→ Exercise brief:
The listing below must be repeated word for word, with its images excluded.

→ Supplied information:
::::

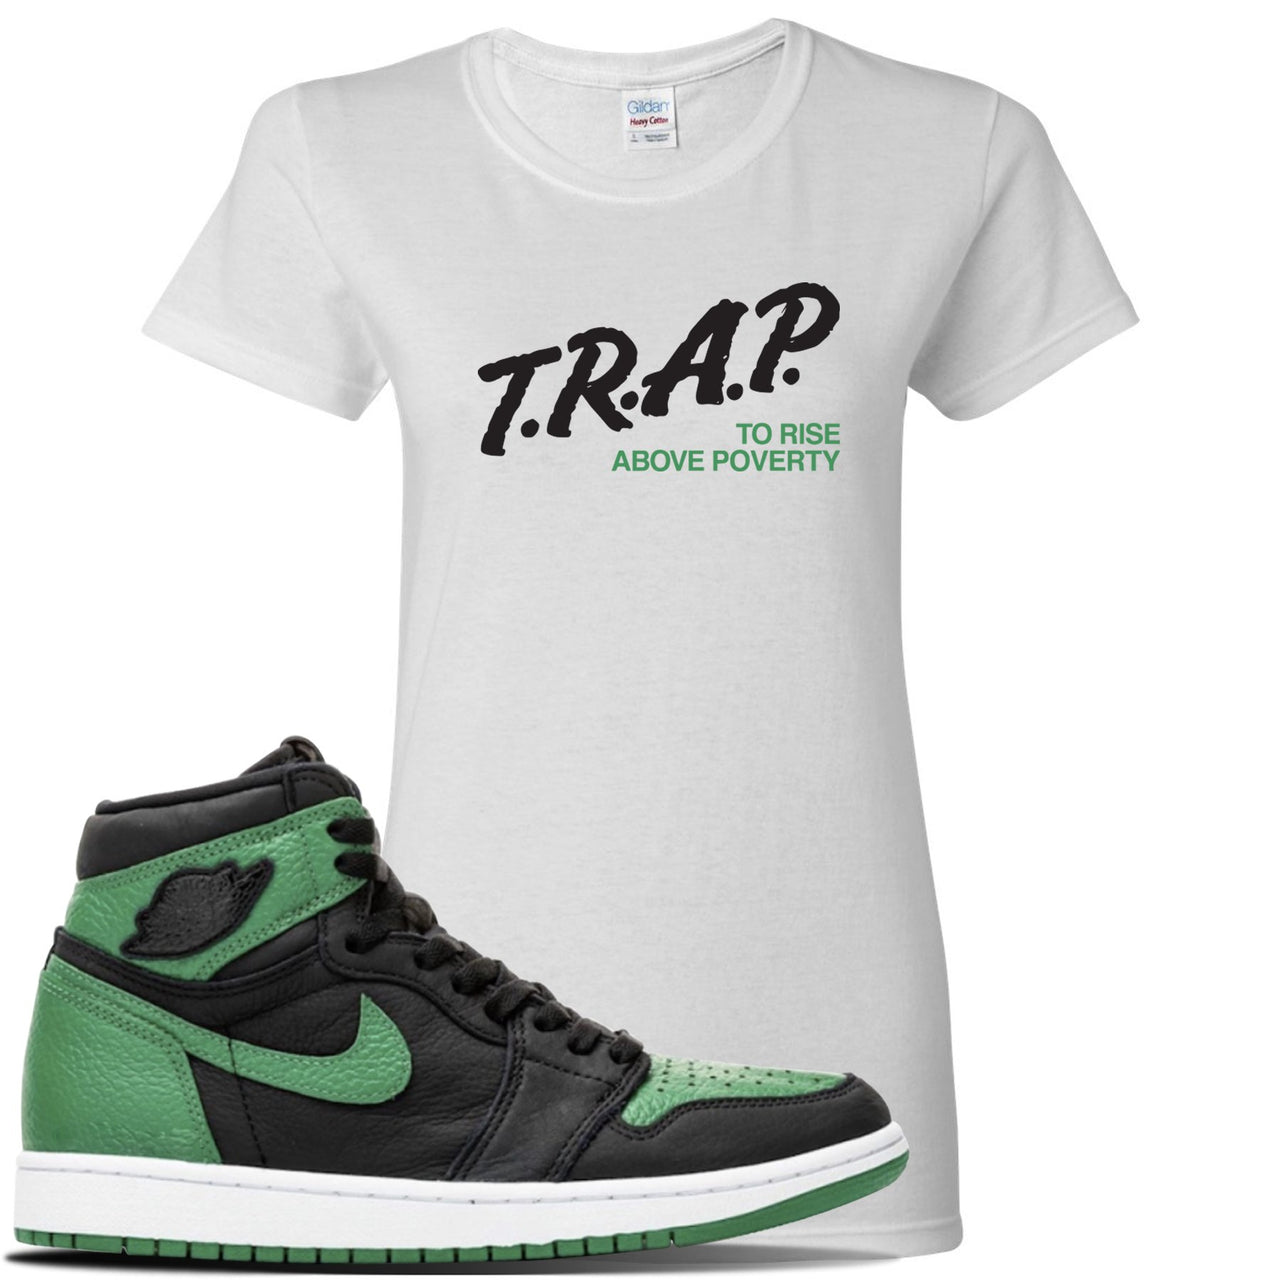 Jordan 1 Retro High OG Pine Green Gym Sneaker White Women's T Shirt | Women's Tees to match Air Jordan 1 Retro High OG Pine Green Gym Shoes | Trap To Rise Above Poverty
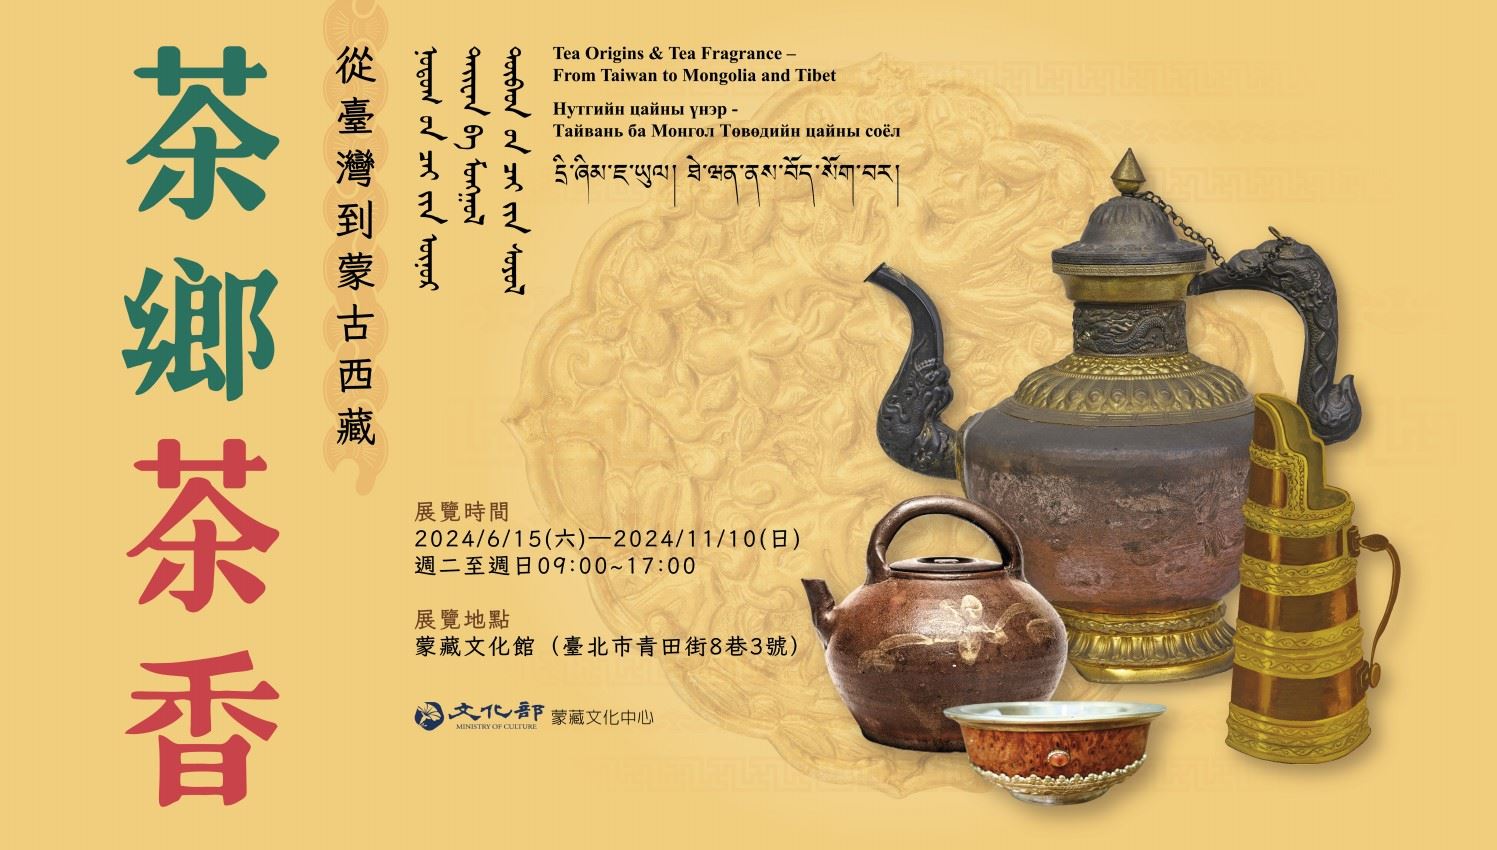 茶文化を紹介する「茶郷茶香―従台湾到蒙古西蔵」、蒙蔵文化館で開催
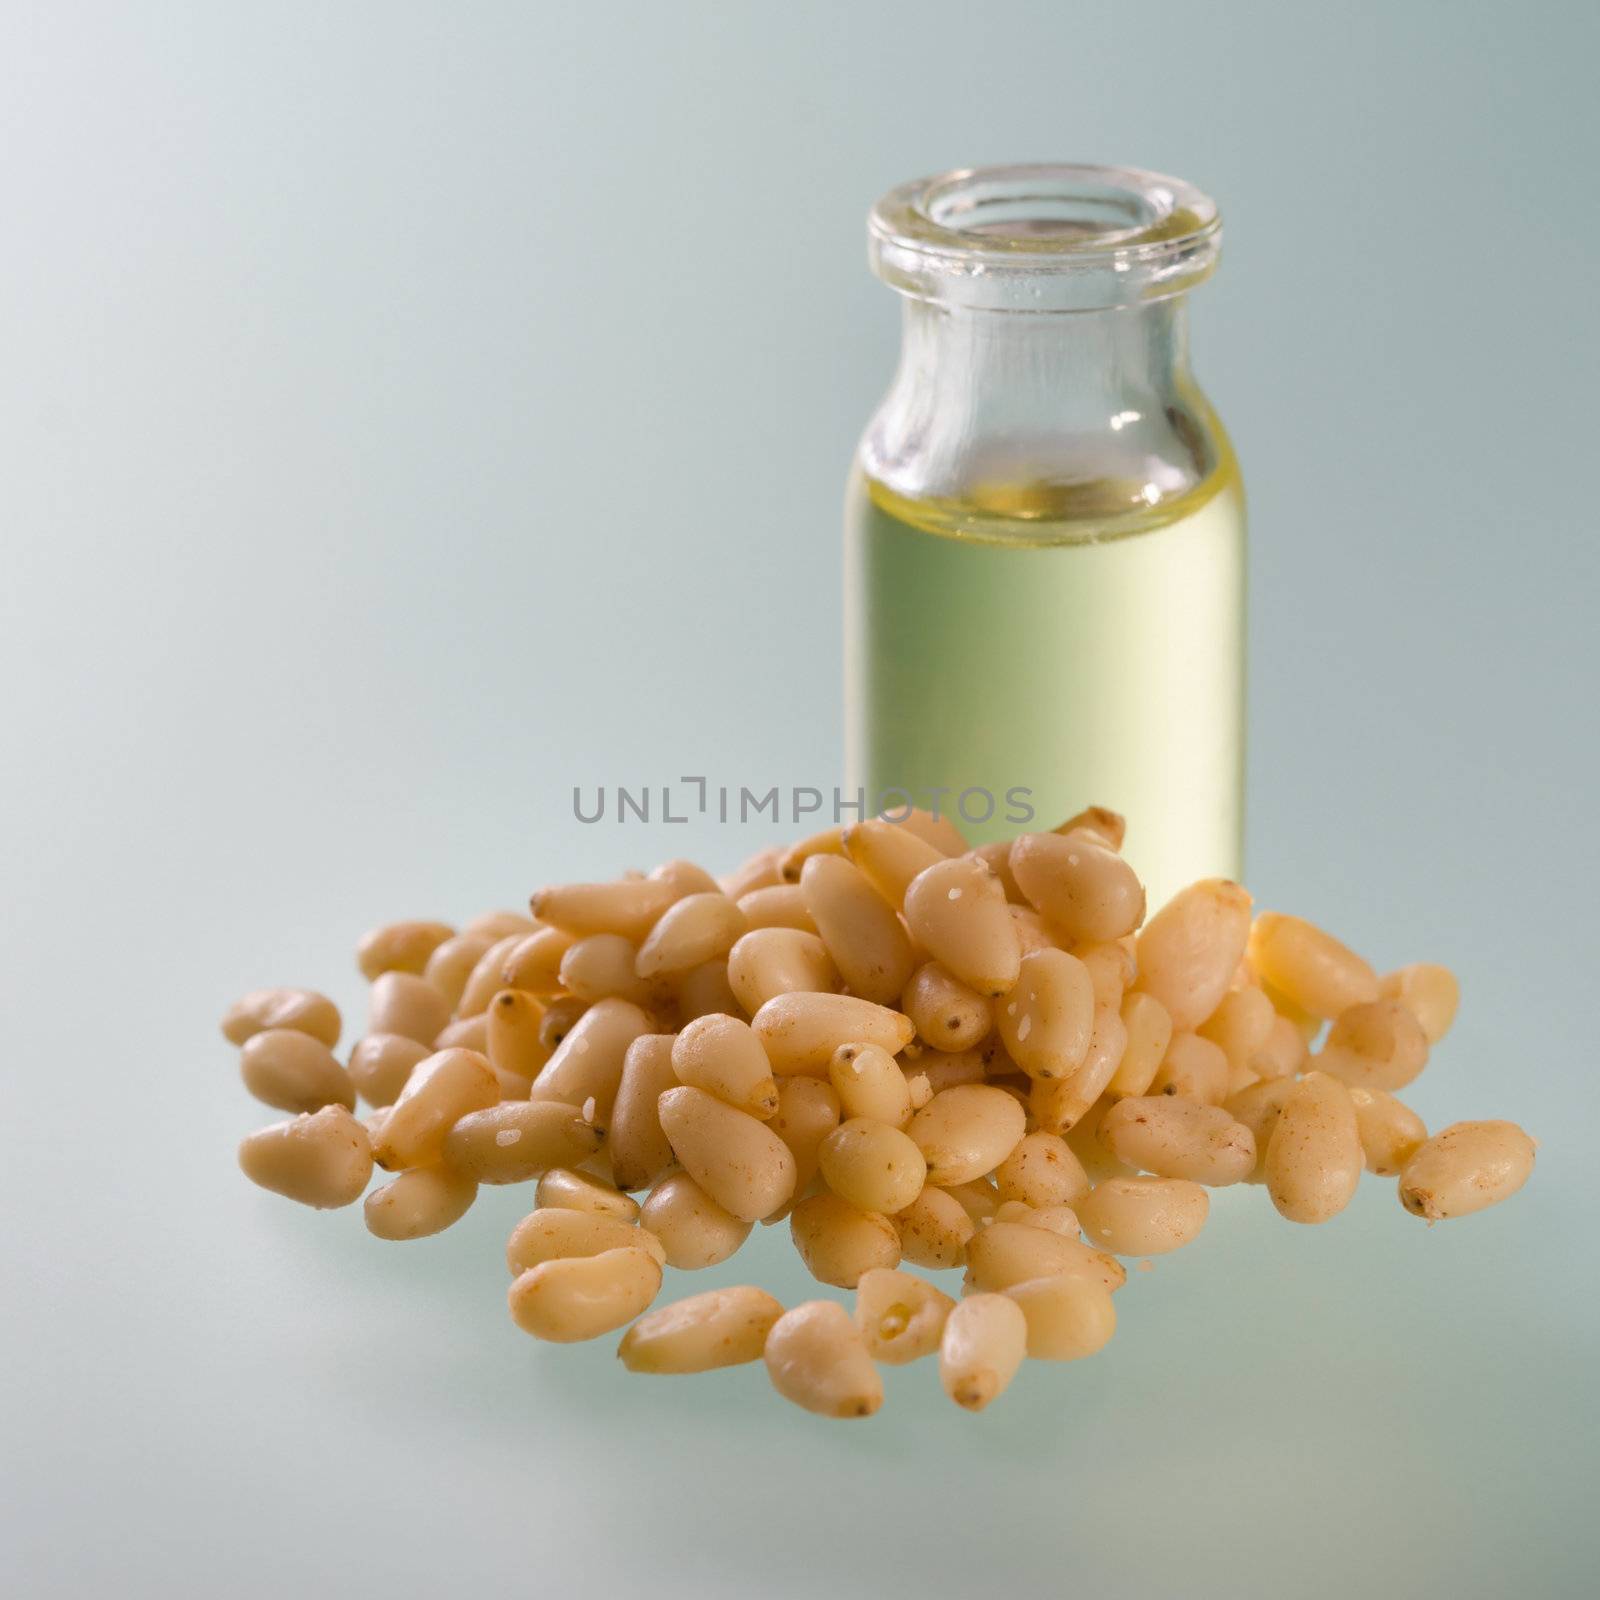 Bottle of cedar oil and nuts  by iryna_rasko

::::

→ Output for this exercise:
 Jordan 1 Retro High OG Pine Green Gym Sneaker White Women's T Shirt | Women's Tees to match Air Jordan 1 Retro High OG Pine Green Gym Shoes | Trap To Rise Above Poverty
 茶文化を紹介する「茶郷茶香―従台湾到蒙古西蔵」、蒙蔵文化館で開催
 Bottle of cedar oil and nuts  by iryna_rasko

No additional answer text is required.